SOURCE MATERIAL:
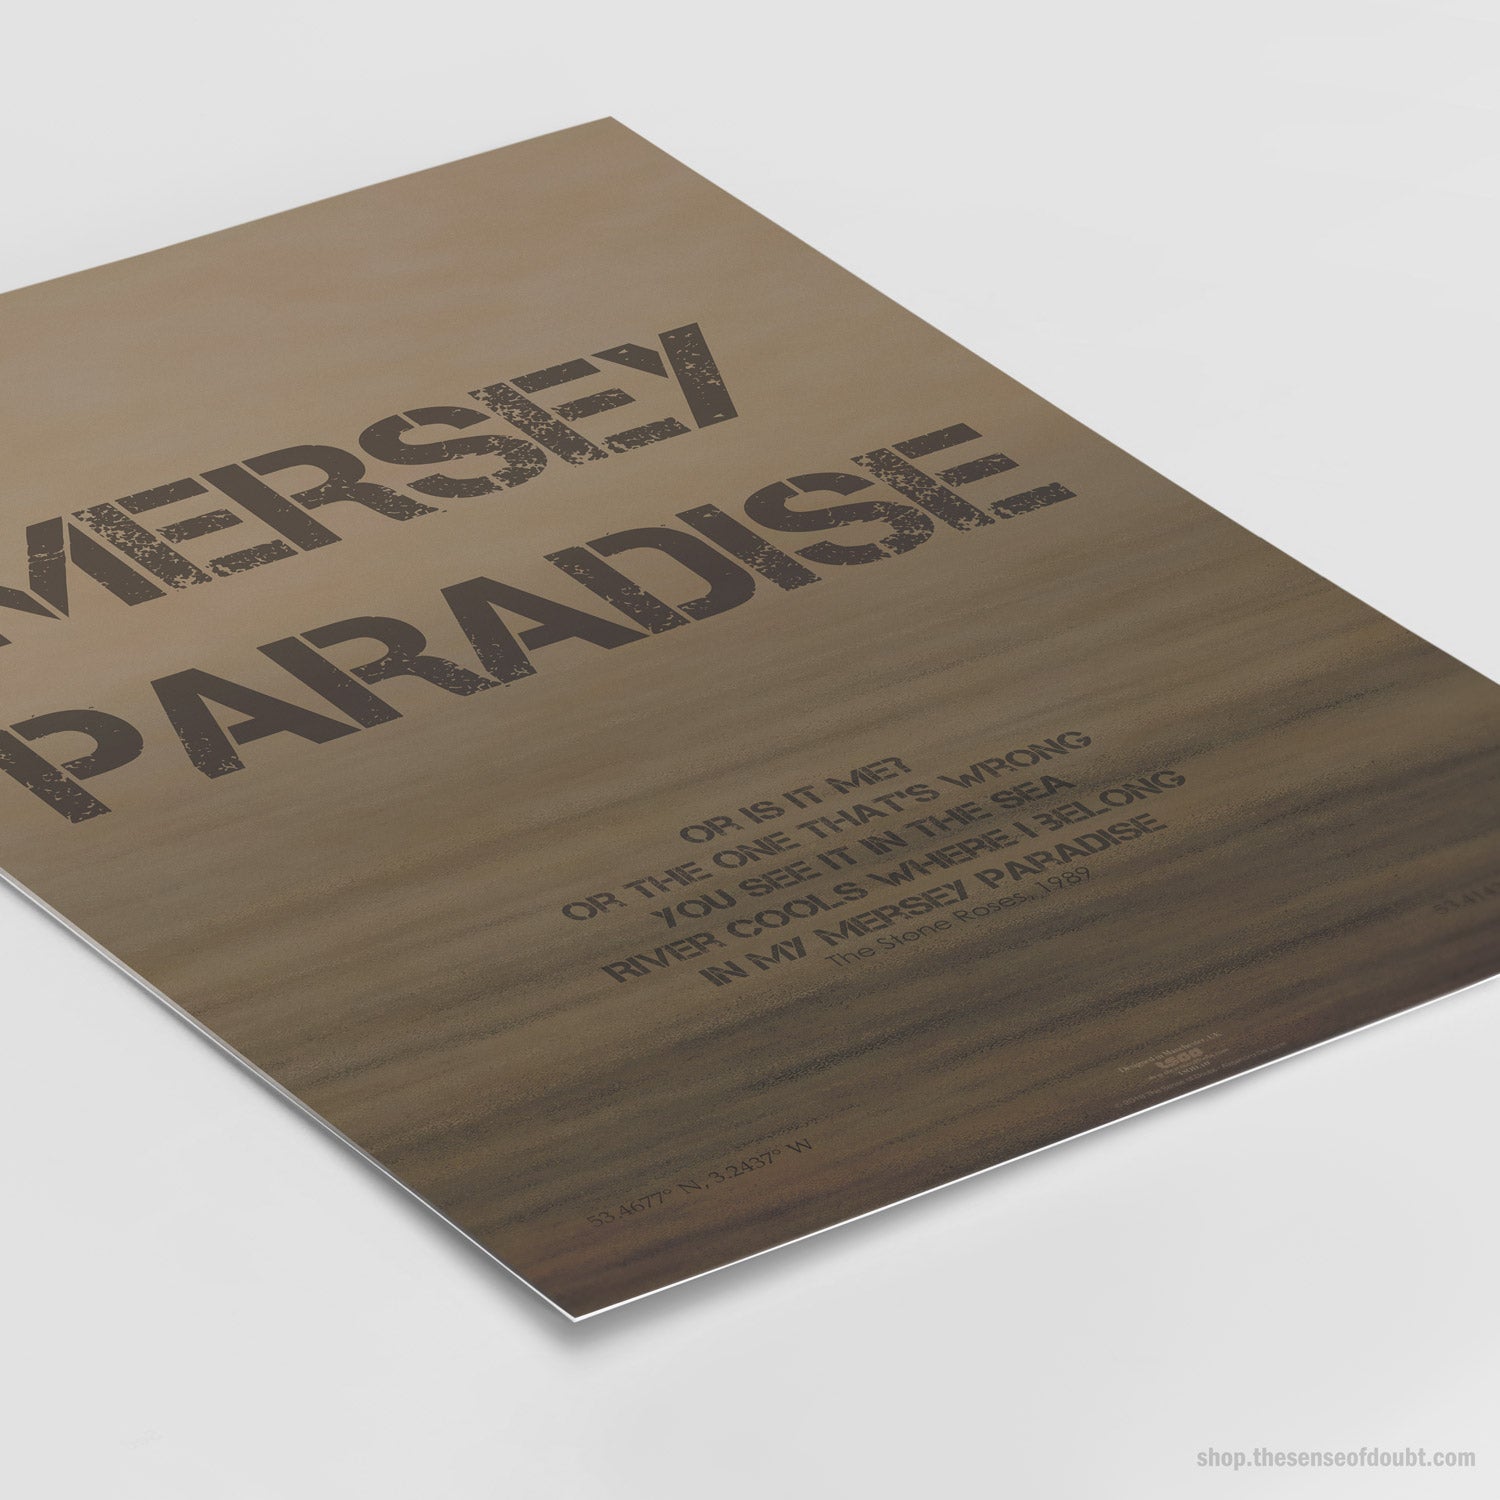 Mersey Paradise - The Sense of Doubt
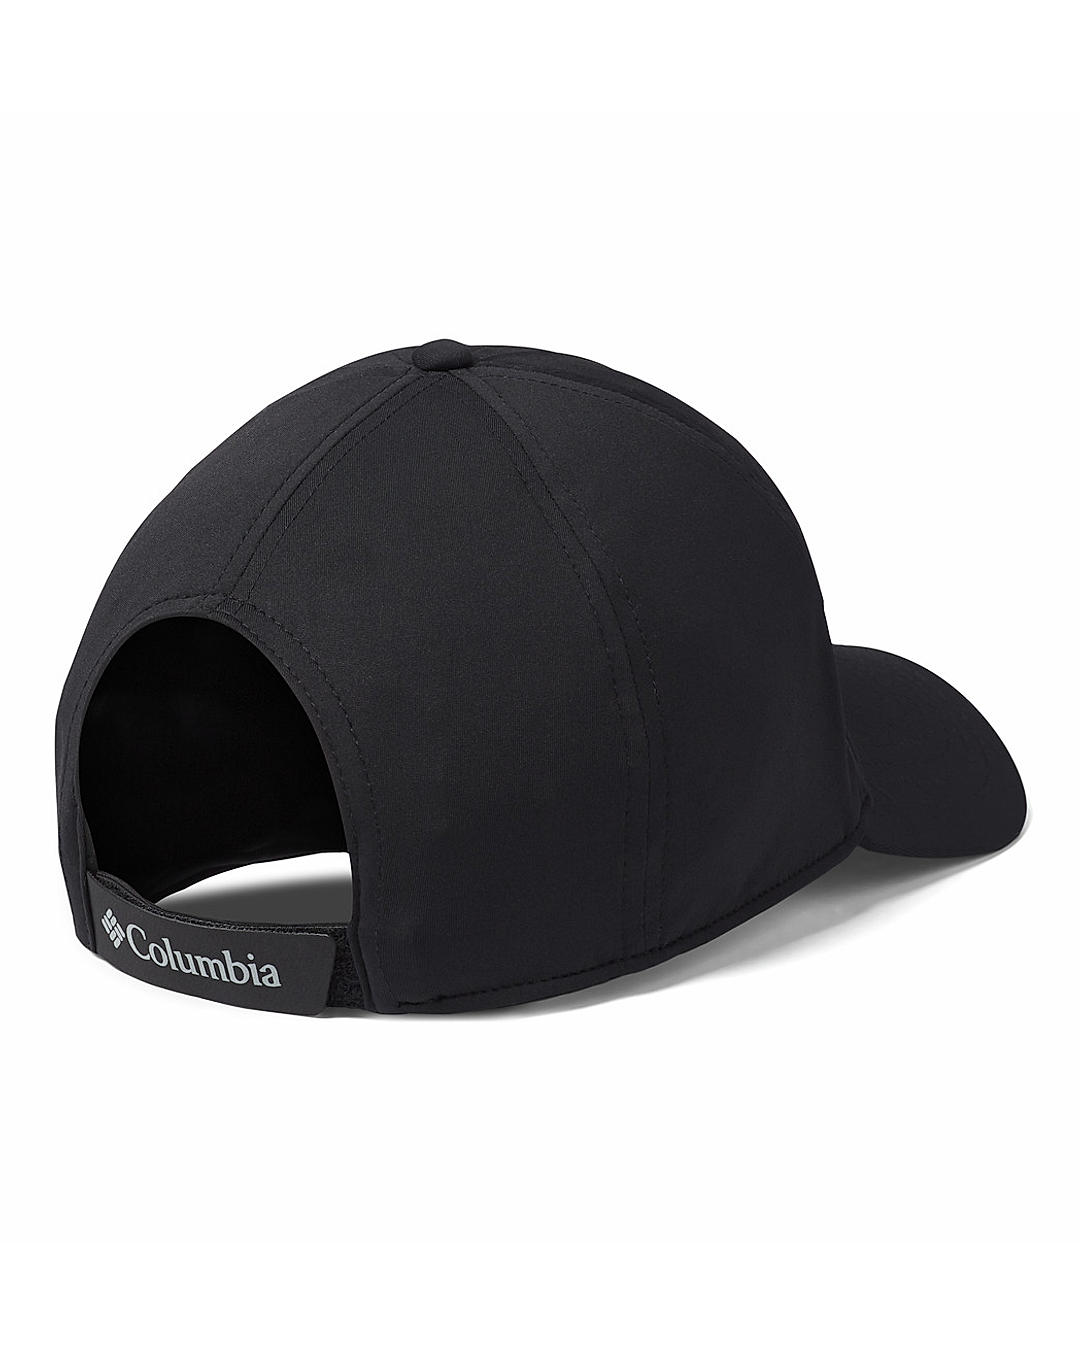 Columbia Unisex Black Coolhead II Ball Cap
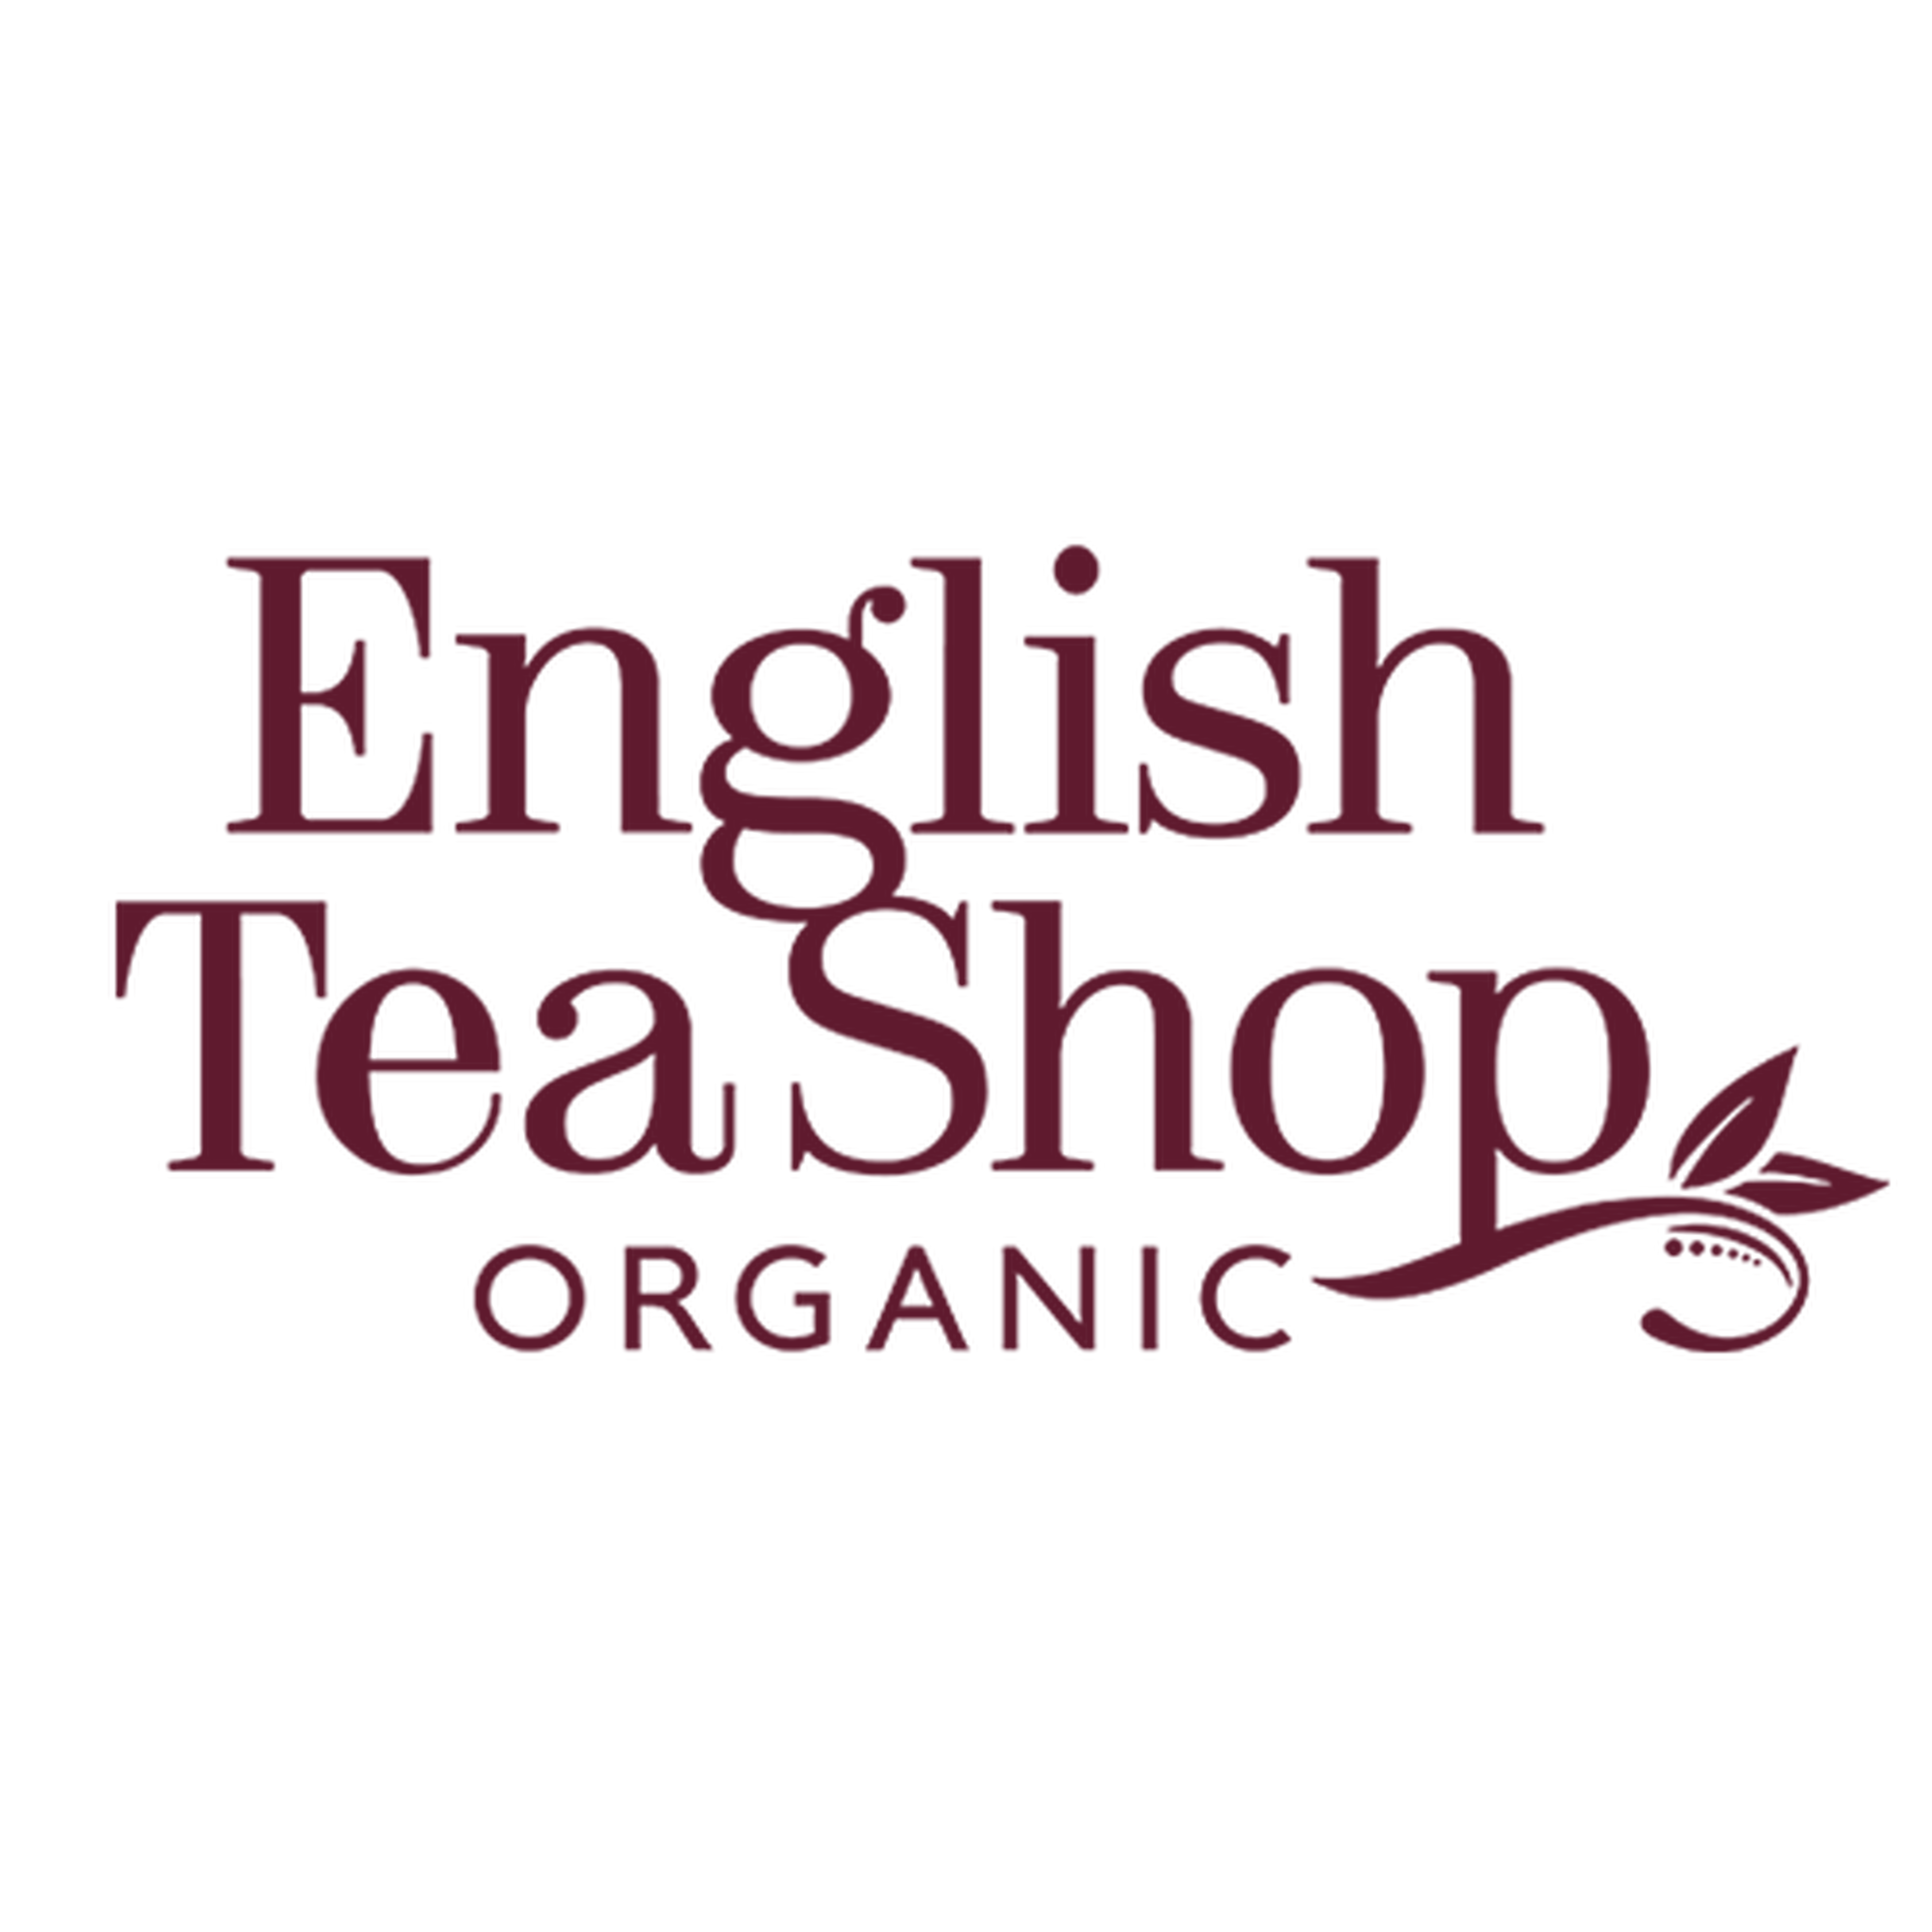 English Tea Shop logotype

YOUR GOAL:
With the pictures left out, return the listing above exactly as it stands.

EXERCISE SOLUTION:
 Mersey Paradise - The Sense of Doubt
 Columbia Unisex Black Coolhead II Ball Cap
 English Tea Shop logotype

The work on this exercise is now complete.